## Description of the task
Please set down only the lines below starting with the line with "Image of a black" and going on through the line with "Victorian 15 Carat", verbatim and without pictures.

## Materials provided
>>>>>

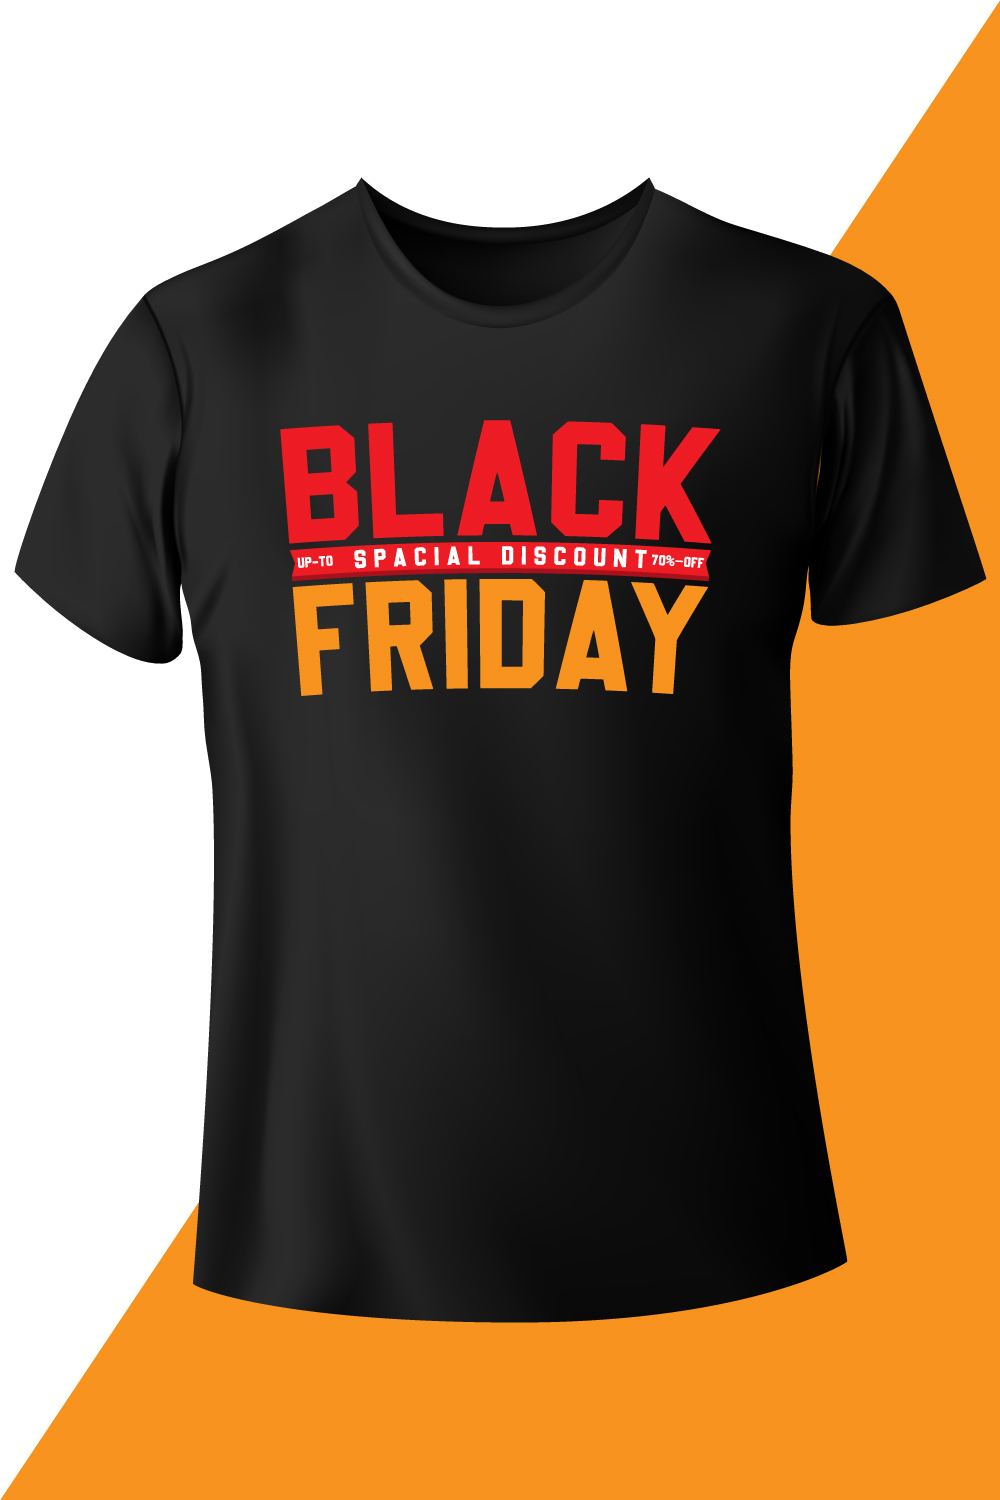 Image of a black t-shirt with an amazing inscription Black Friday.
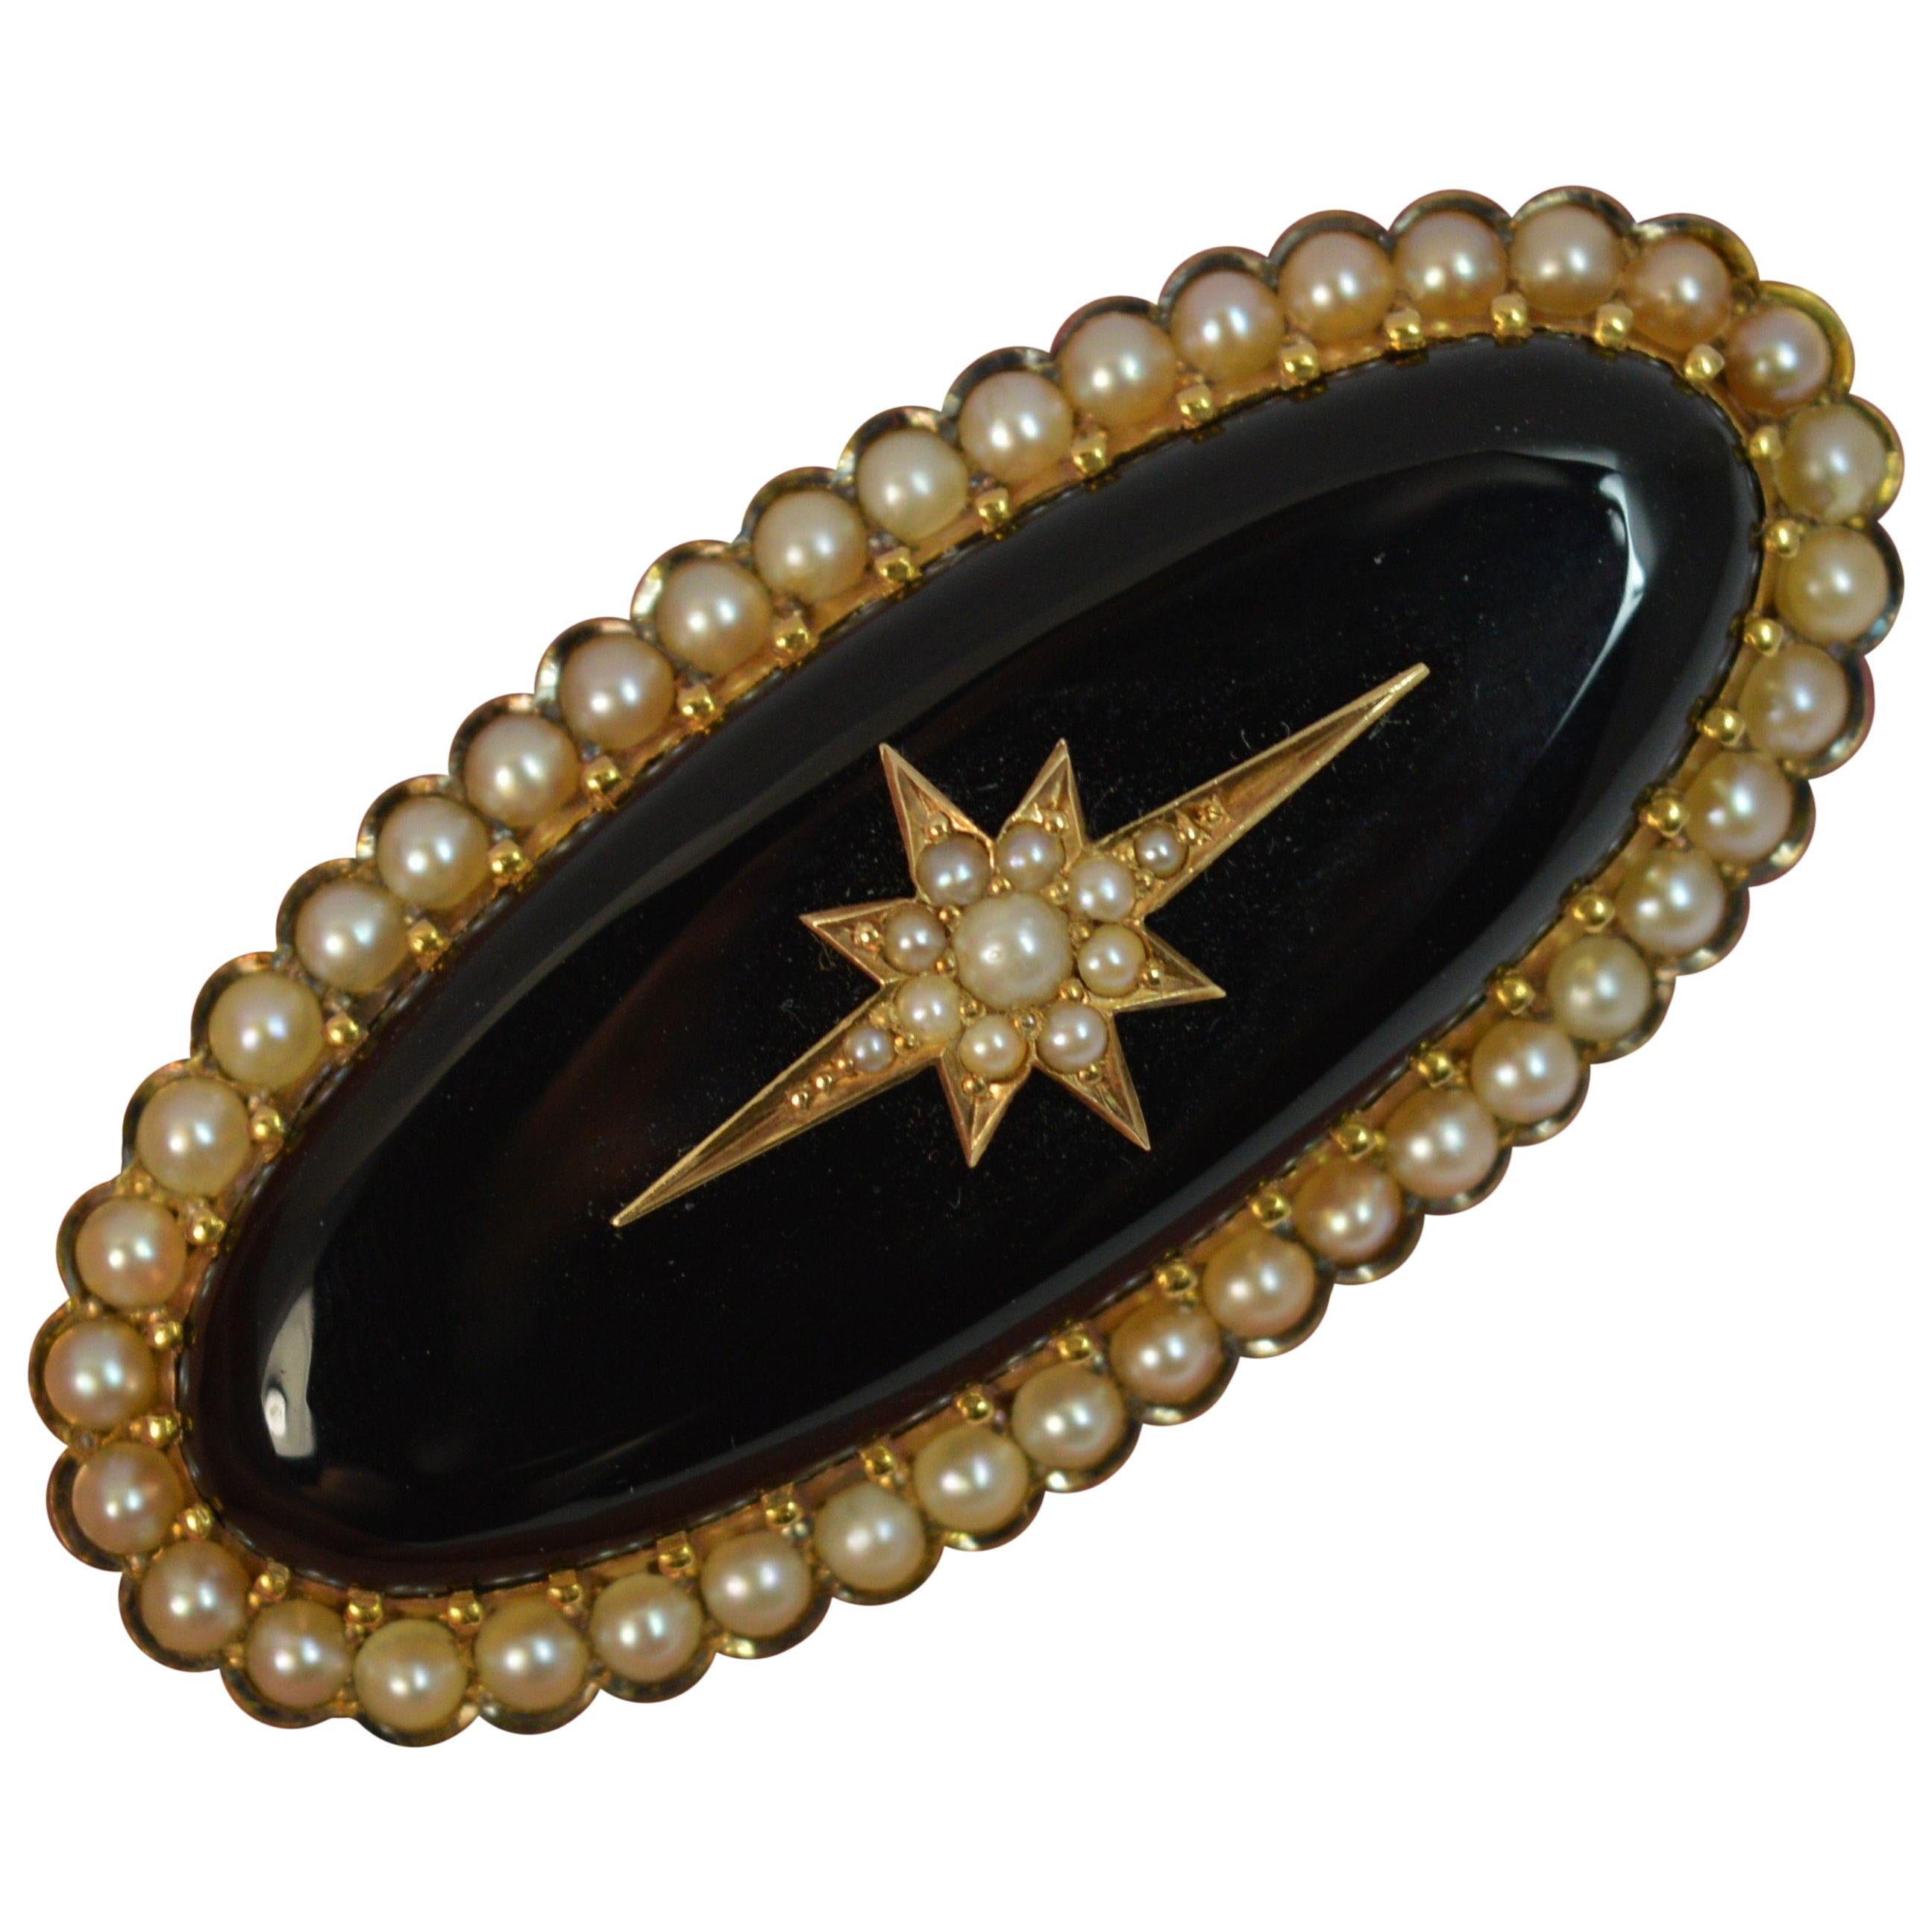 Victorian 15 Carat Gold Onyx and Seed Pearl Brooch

<<<<<
>>>>>

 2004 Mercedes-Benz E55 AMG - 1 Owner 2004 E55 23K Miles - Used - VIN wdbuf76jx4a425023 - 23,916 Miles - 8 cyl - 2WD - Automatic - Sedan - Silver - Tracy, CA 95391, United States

<<<<<
>>>>>

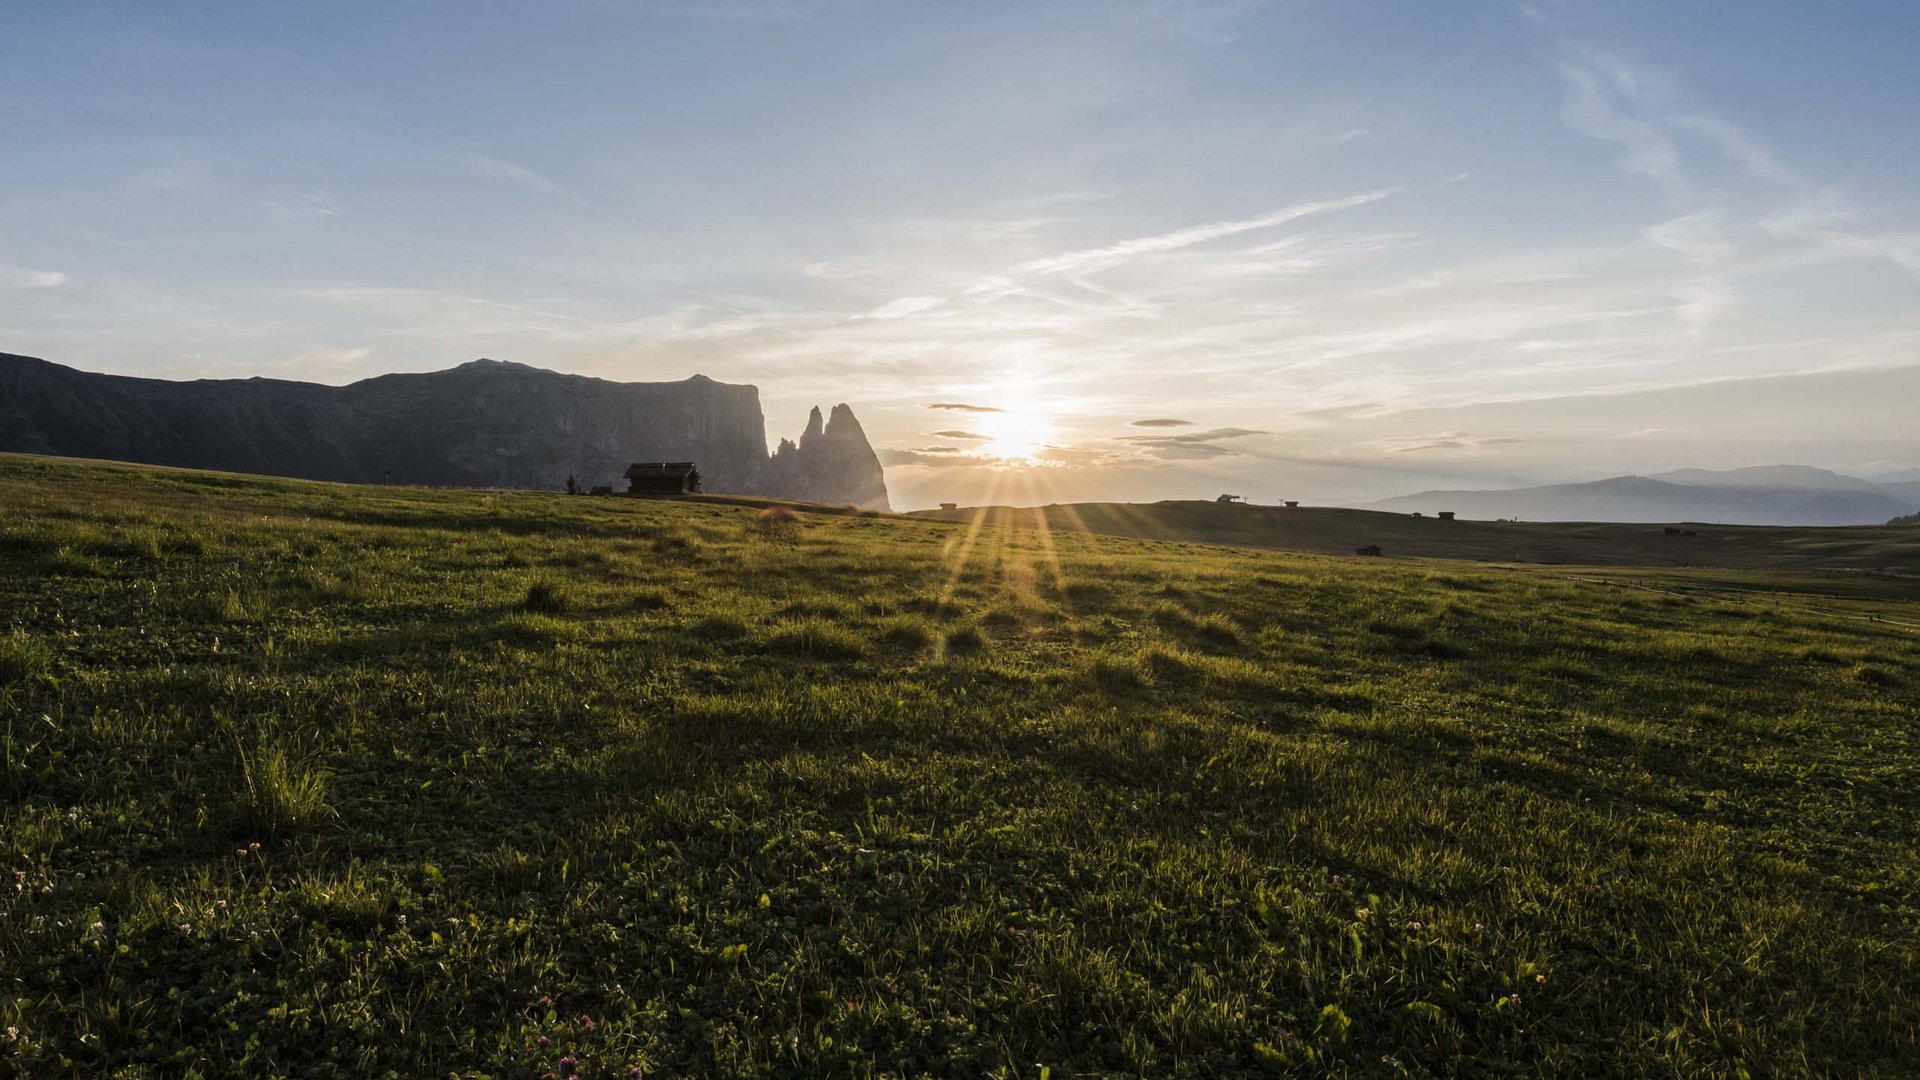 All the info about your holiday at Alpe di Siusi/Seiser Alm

<<<<<

## Worked solution
 Image of a black t-shirt with an amazing inscription Black Friday.
 Victorian 15 Carat Gold Onyx and Seed Pearl Brooch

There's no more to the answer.